Specifying the Decile 4 Put Option
• Strike: Decile 4.
• Notional: $100 per Decile (< Decile 4).
• If, at expiry, the Decile is < Decile 4, the seller of the option
pays the buyer $100 for each Decile < Decile 4.
Pricing Methodologies
• Historical simulation.
• Direct modeling of the underlying variable’s distribution.
• Indirect modeling of the underlying variable’s distribution
(via a Monte Carlo technique).
Payoff Chart for Decile 4 Put Option
Outcomes for Decile 4 Put Option
Evaluating the Decile 4 Put Option
• 14.2% cases of Decile 1 yields $(.142)x(4-1)x100=$42.60
• 13.2% cases of Decile 2 yields $(.132)x(4-2)x100=$26.40
• 8.4% cases of Decile 3 yields $(.084)x(4-3)x100=$8.40
• The other 25 cases (Decile 4 or above) yield nothing.

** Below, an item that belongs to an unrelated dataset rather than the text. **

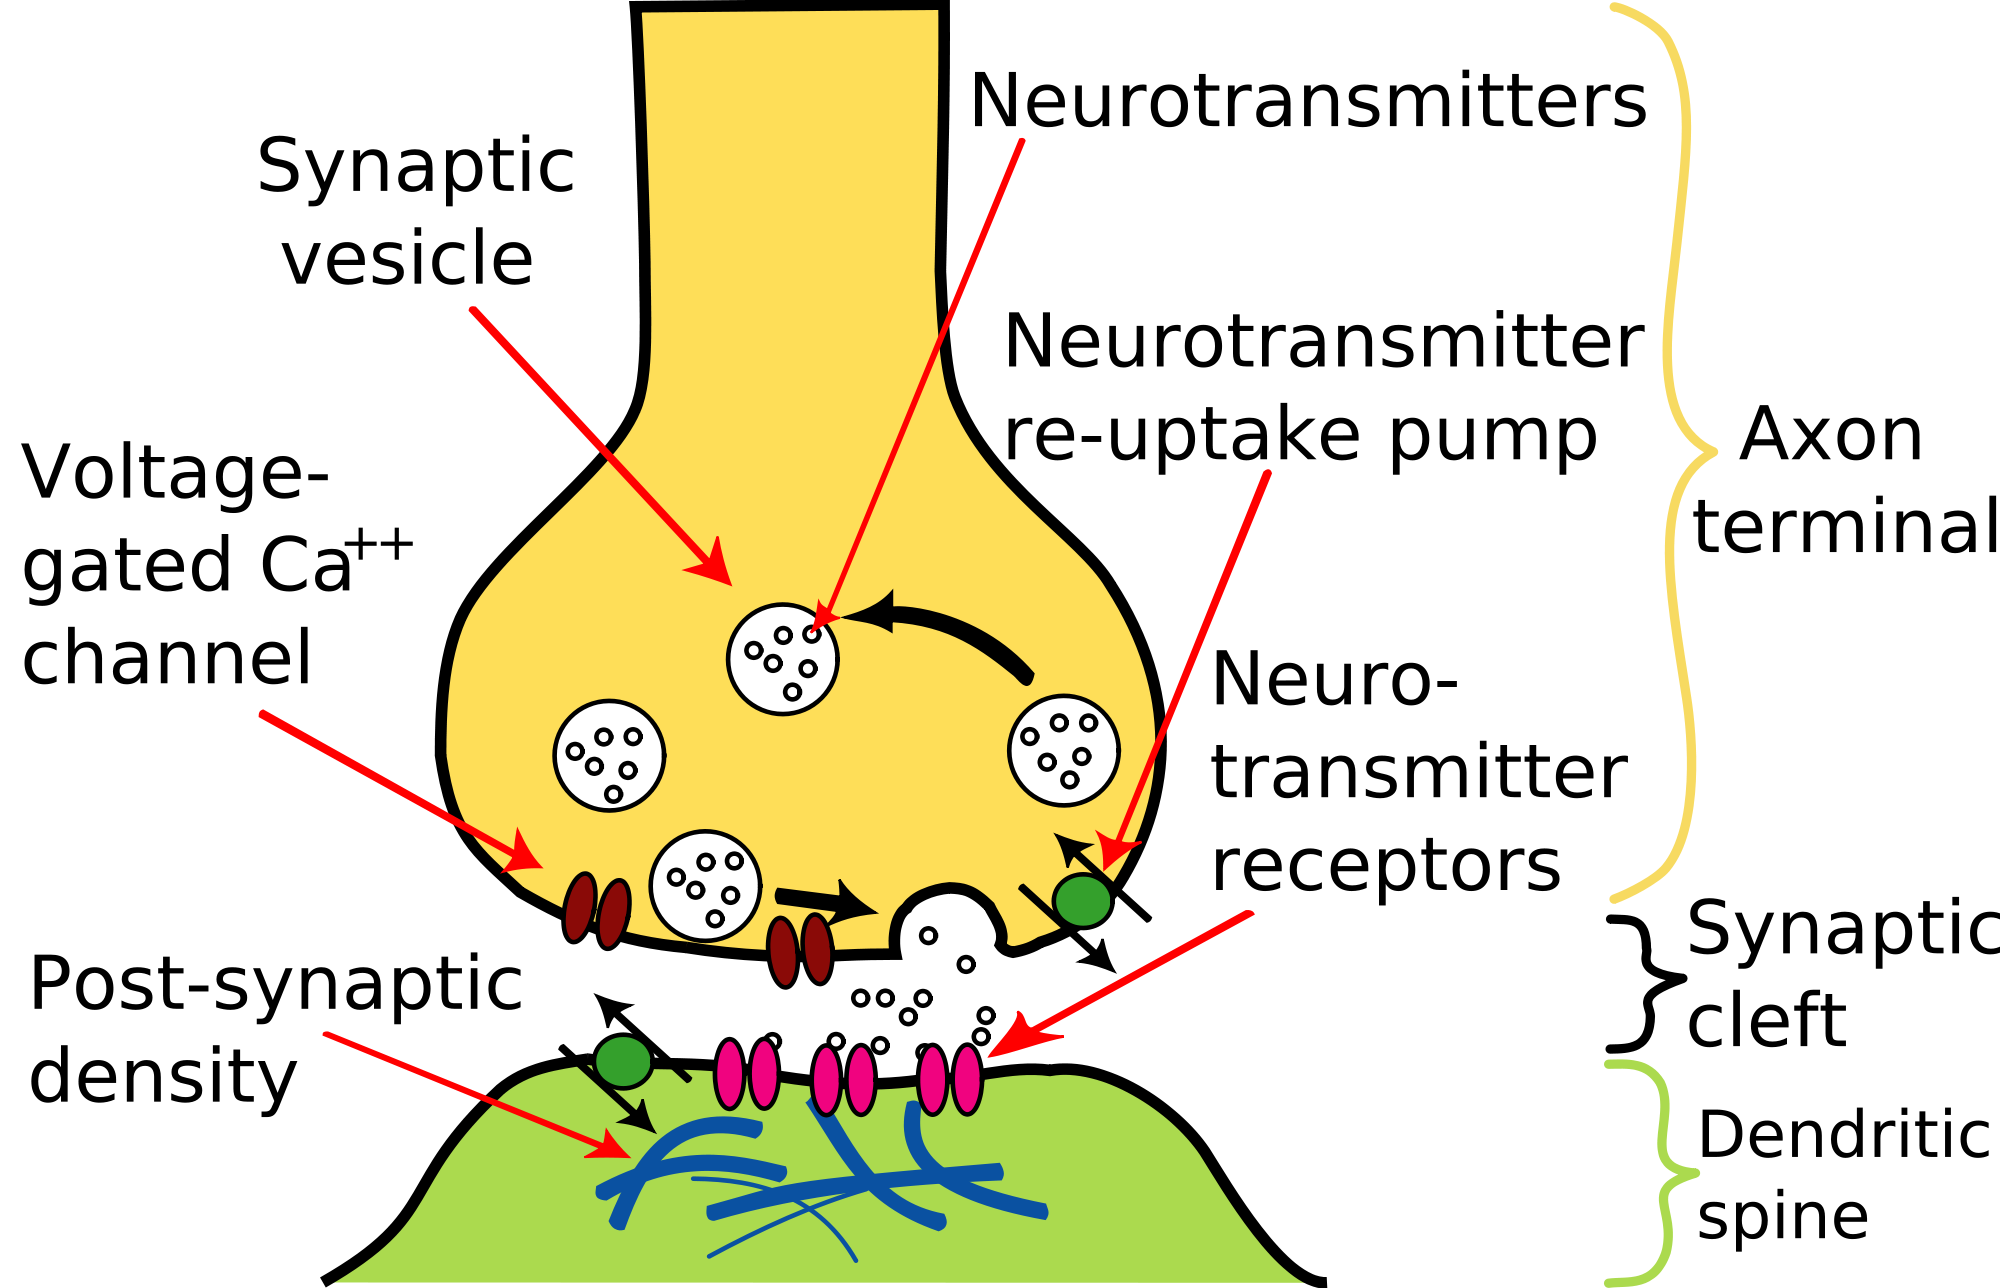 Microglia Maintenance of Neuron Synapses

…leading to a total of $77.40, which is the price of our put
option.
Should Companies Worry?
• In the good years, companies make big profits.
• In the bad years, companies make losses.

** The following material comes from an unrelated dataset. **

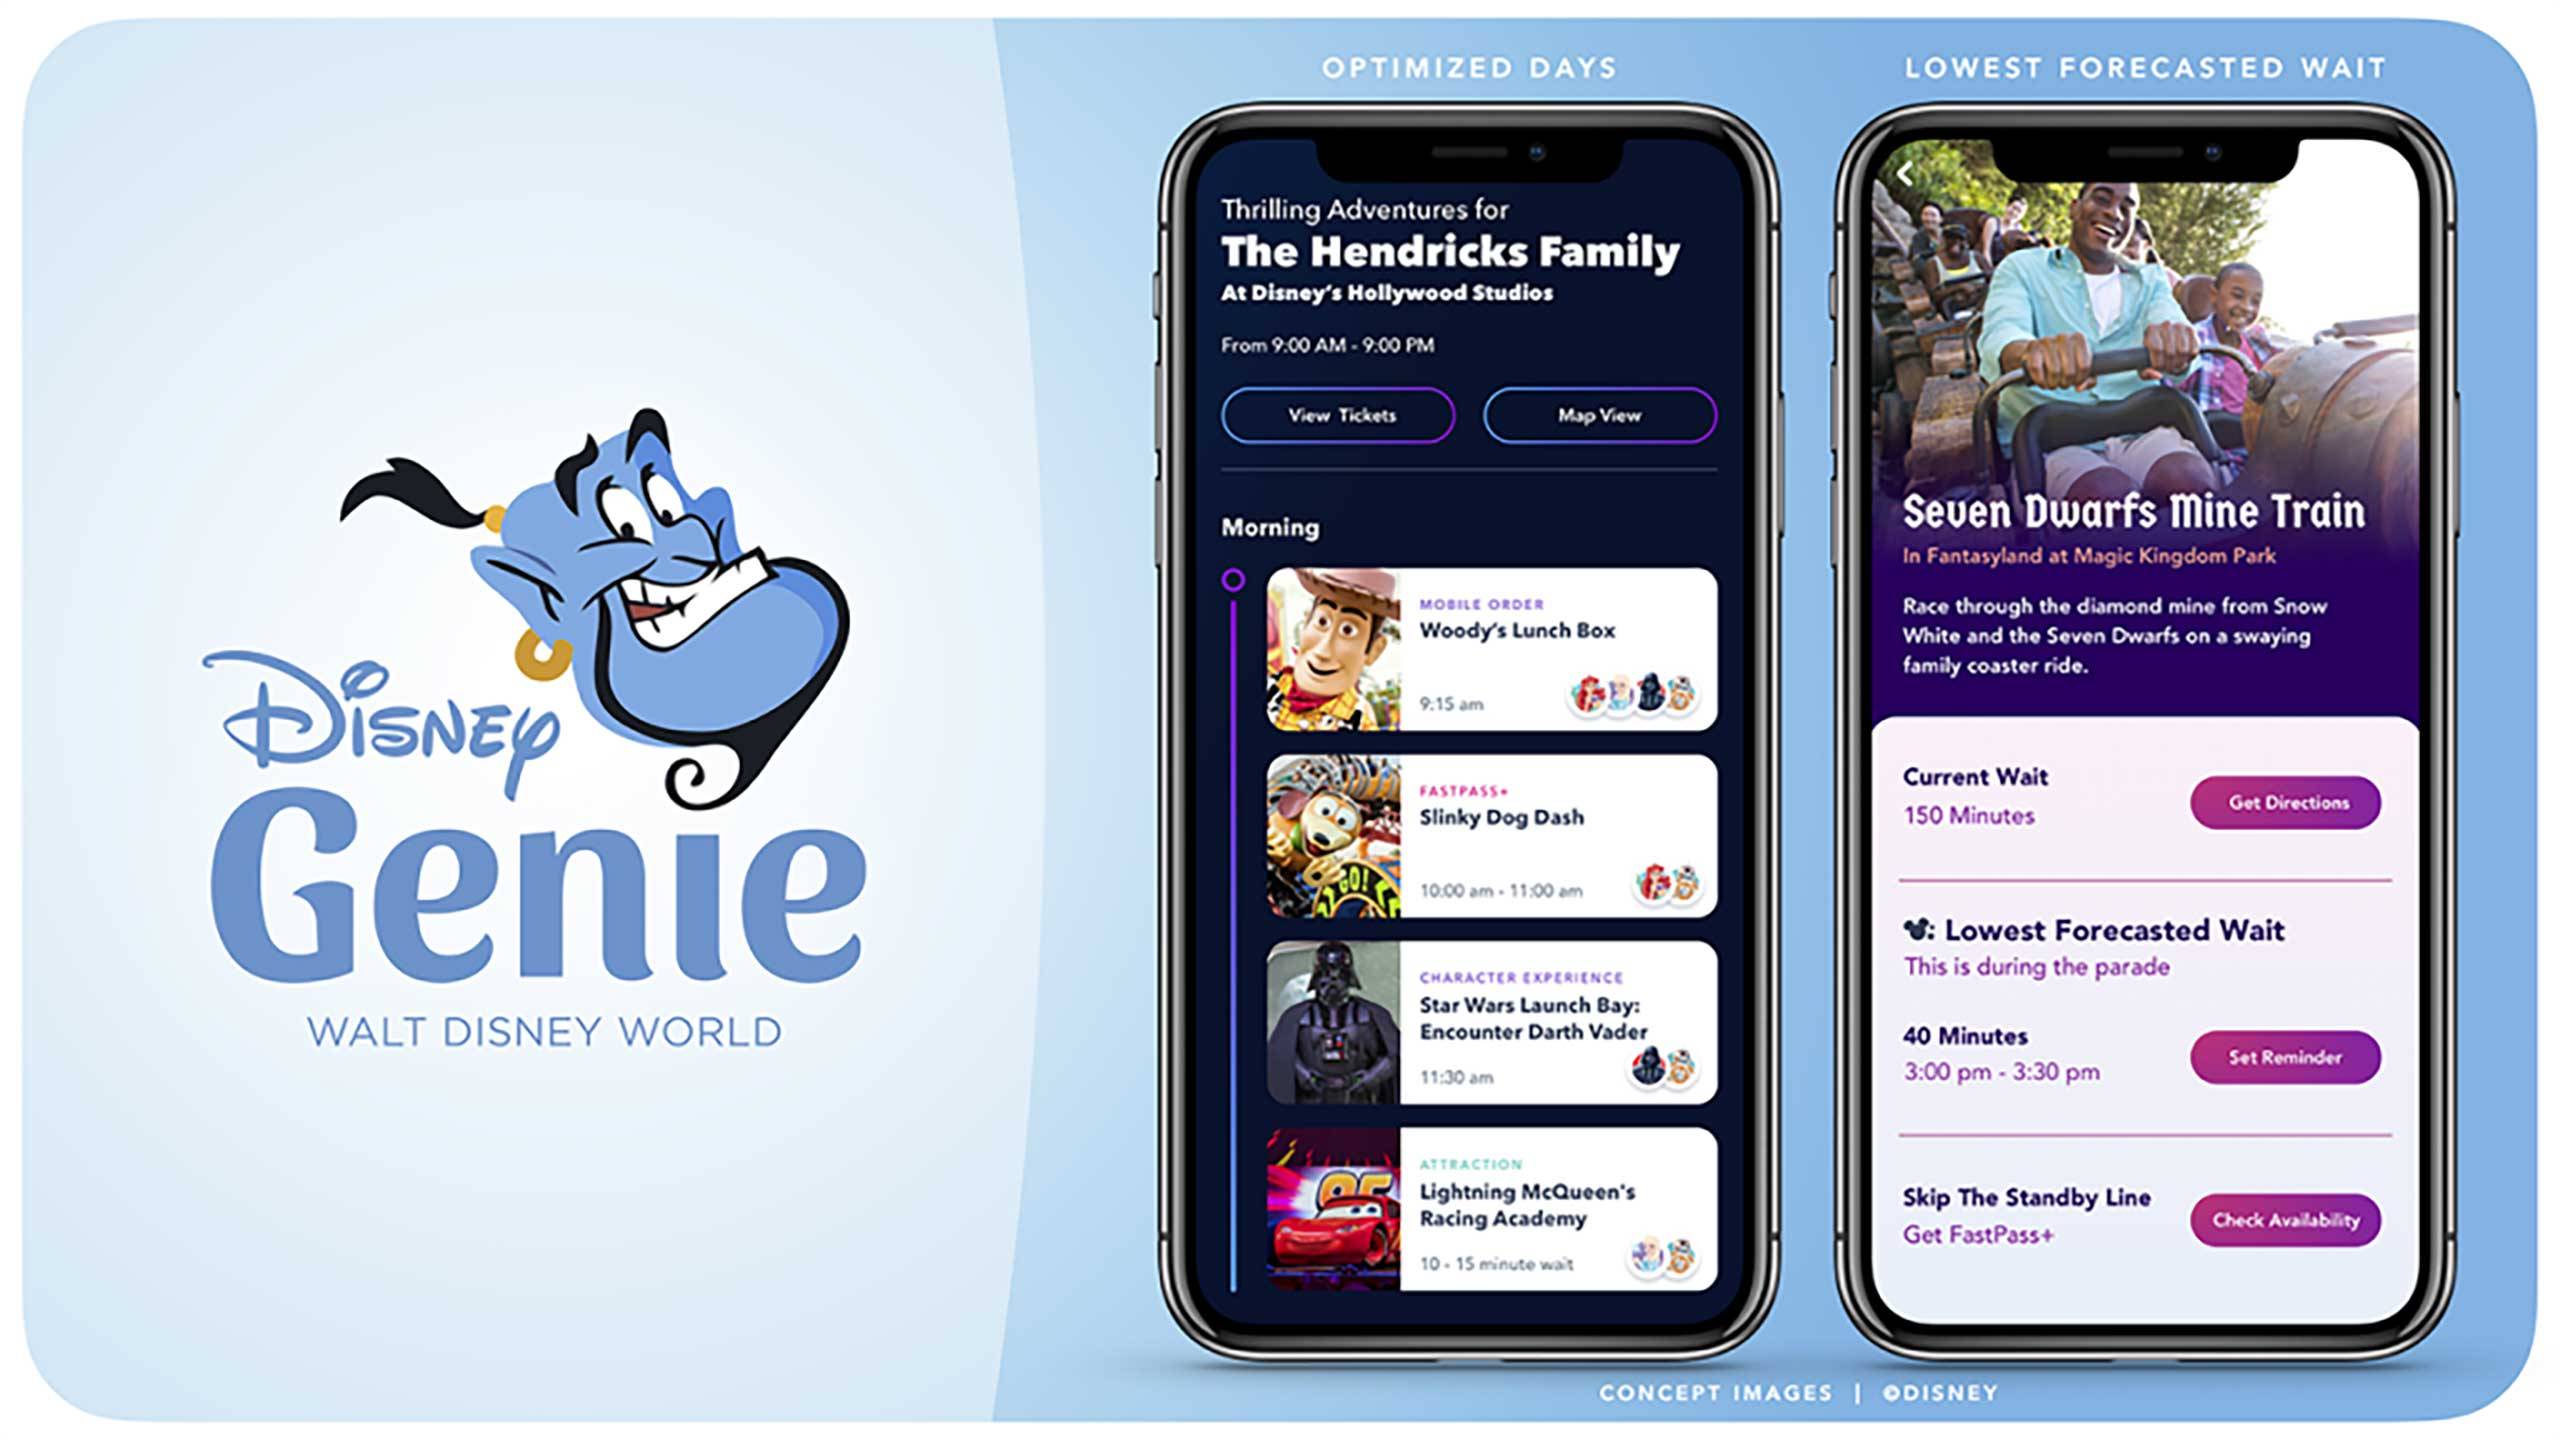 Disney Genie digital assistant coming to Walt Disney World in 2020

- Doesn’t it all balance out?
- No. it doesn’t.
• Companies whose earnings fluctuate wildly receive
unsympathetic hearings from banks and potential
investors.
Another Example
• Another example of a weather linked option is the Cooling
Degree Day (CDD) Call Option.
• Total CDDs is defined as the accumulated number of
degrees the daily mean temperature is above a base figure.

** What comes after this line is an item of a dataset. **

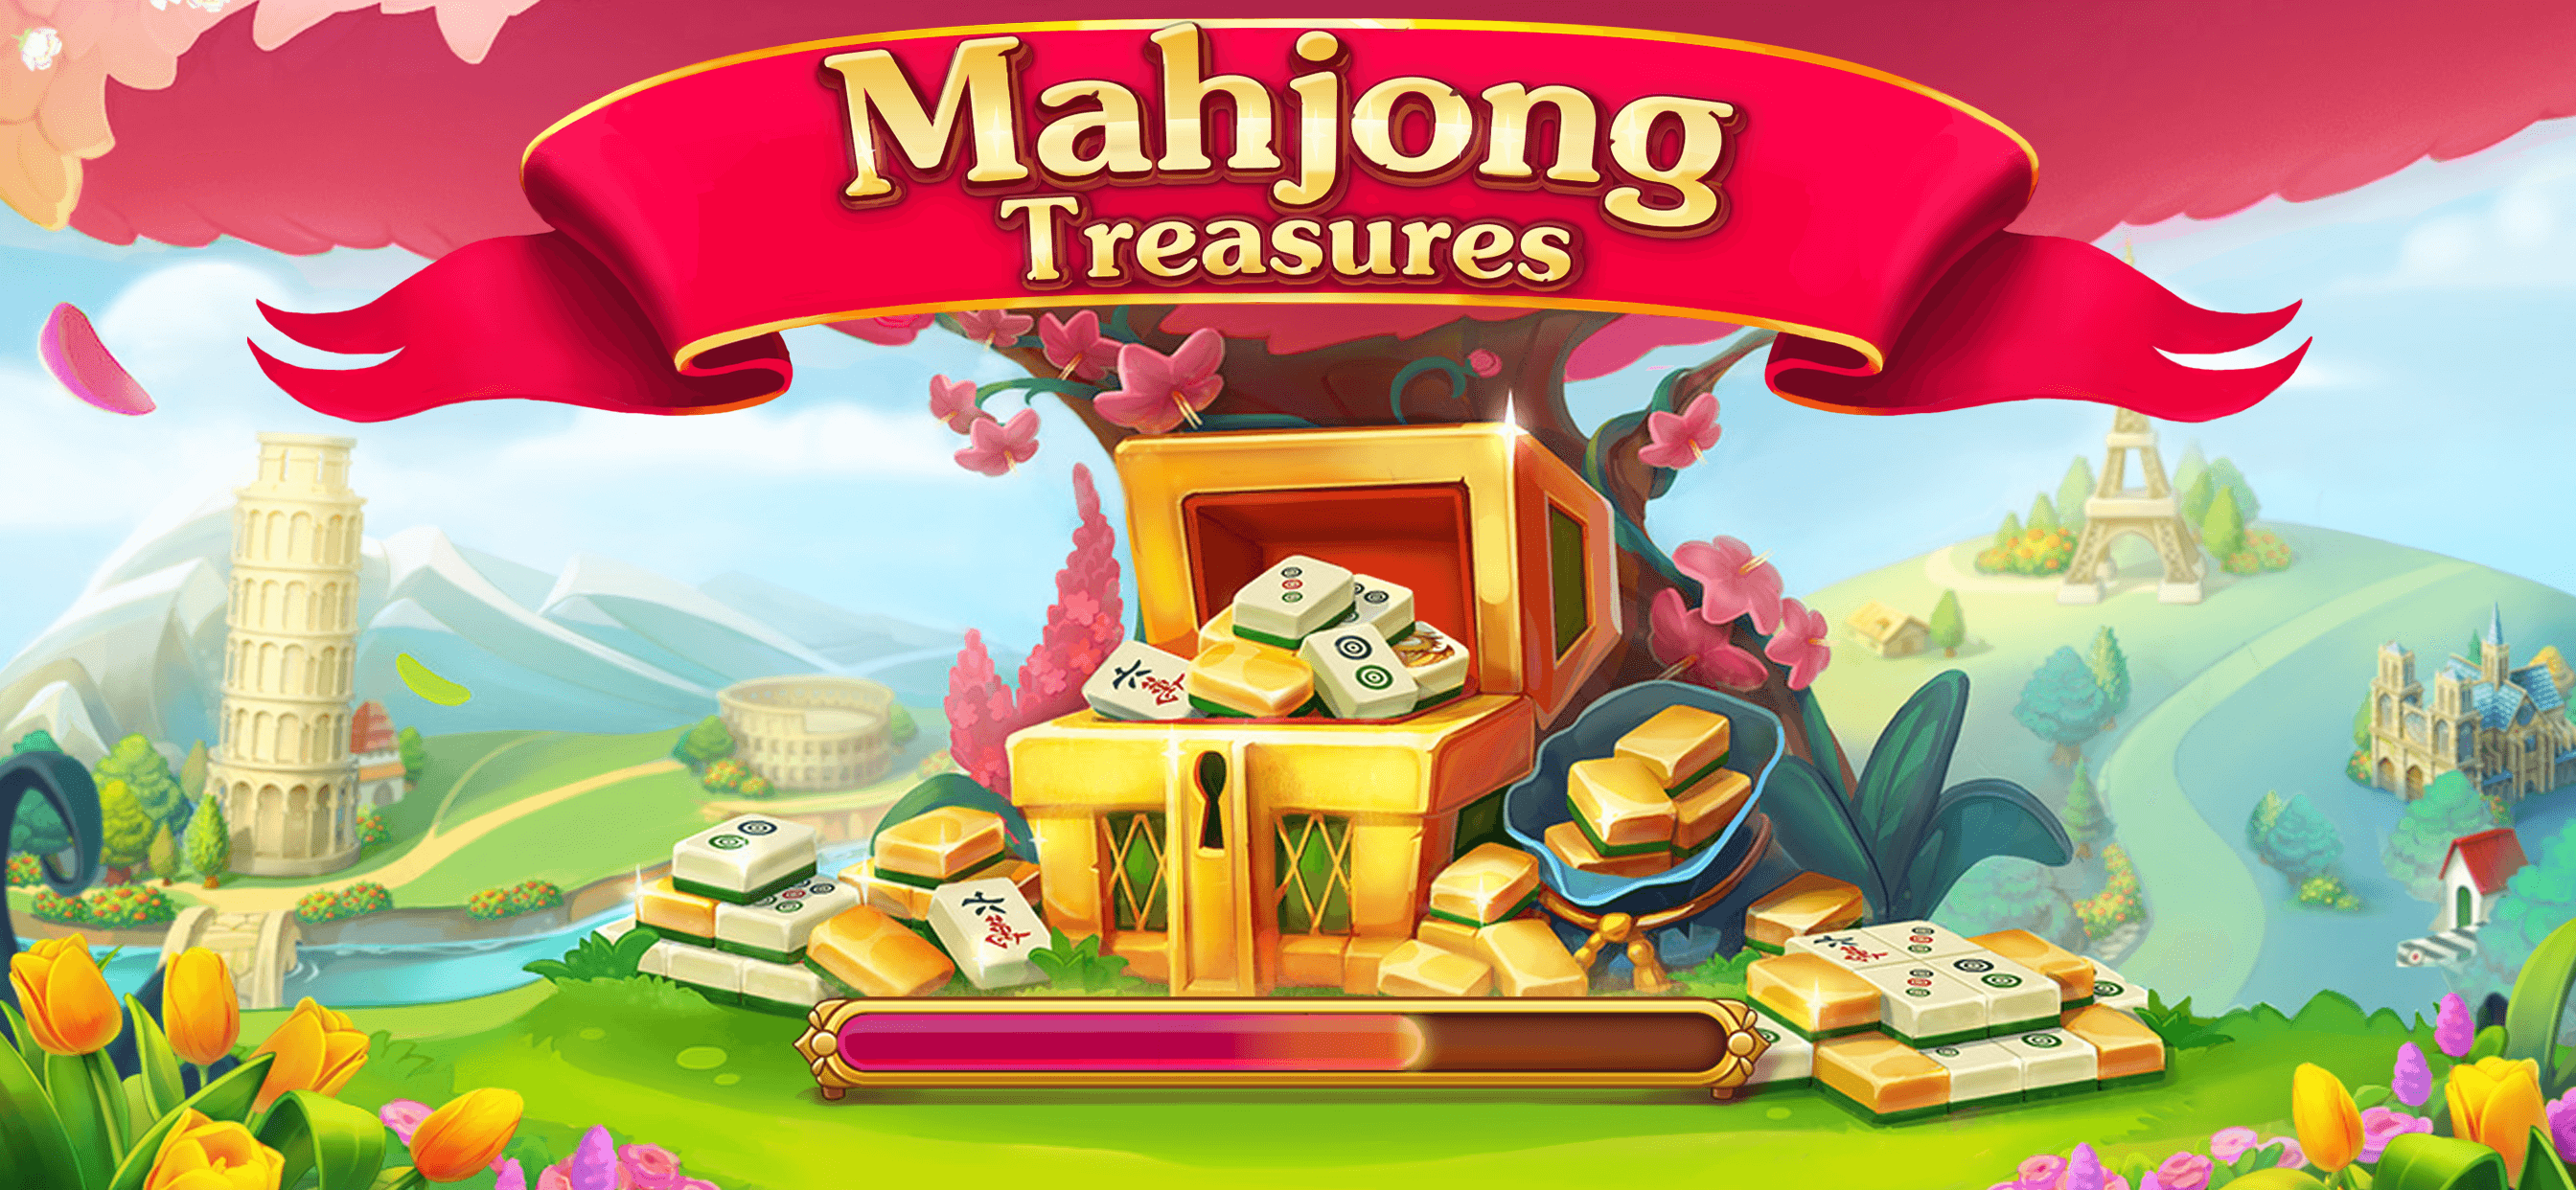 download the new version for iphoneMahjong Treasures

• This is a measure of the requirement for cooling.
• If accumulated CDDs exceed “the strike”, the seller pays
the buyer a certain amount for each CDD above “the
strike”.
Pay-off Chart for a CDD
Call Option
Cooling Degree Days (1855-2000)
(and climate change)
• The chart shows frequency distribution of annual Cooling
Degree Days at Melbourne using all data:
Cooling Degree Days (1971-2000)
• The chart shows frequency distribution of annual Cooling
Degree Days at Melbourne using only recent data:
Weather & Climate Forecasts
• Daily weather forecasts may be used to manage short-term
risk (e.g. pouring concrete).
• Seasonal climate forecasts may be used to manage risk
associated with long-term activities (e.g. sowing crops).
• Forecasts are based on a combination of solutions to the
equations of physics, and some statistical techniques.
• With the focus upon managing risk, the forecasts are
increasingly being couched in probabilistic terms.
An Illustration of the
Impact of Forecasts
• When very high temperatures are forecast, there may be a
rise in electricity prices.
• The electricity retailer then needs to purchase electricity
(albeit at a high price).
• This is because, if the forecast proves to be correct, prices
may “spike” to extremely high (almost unaffordable) levels.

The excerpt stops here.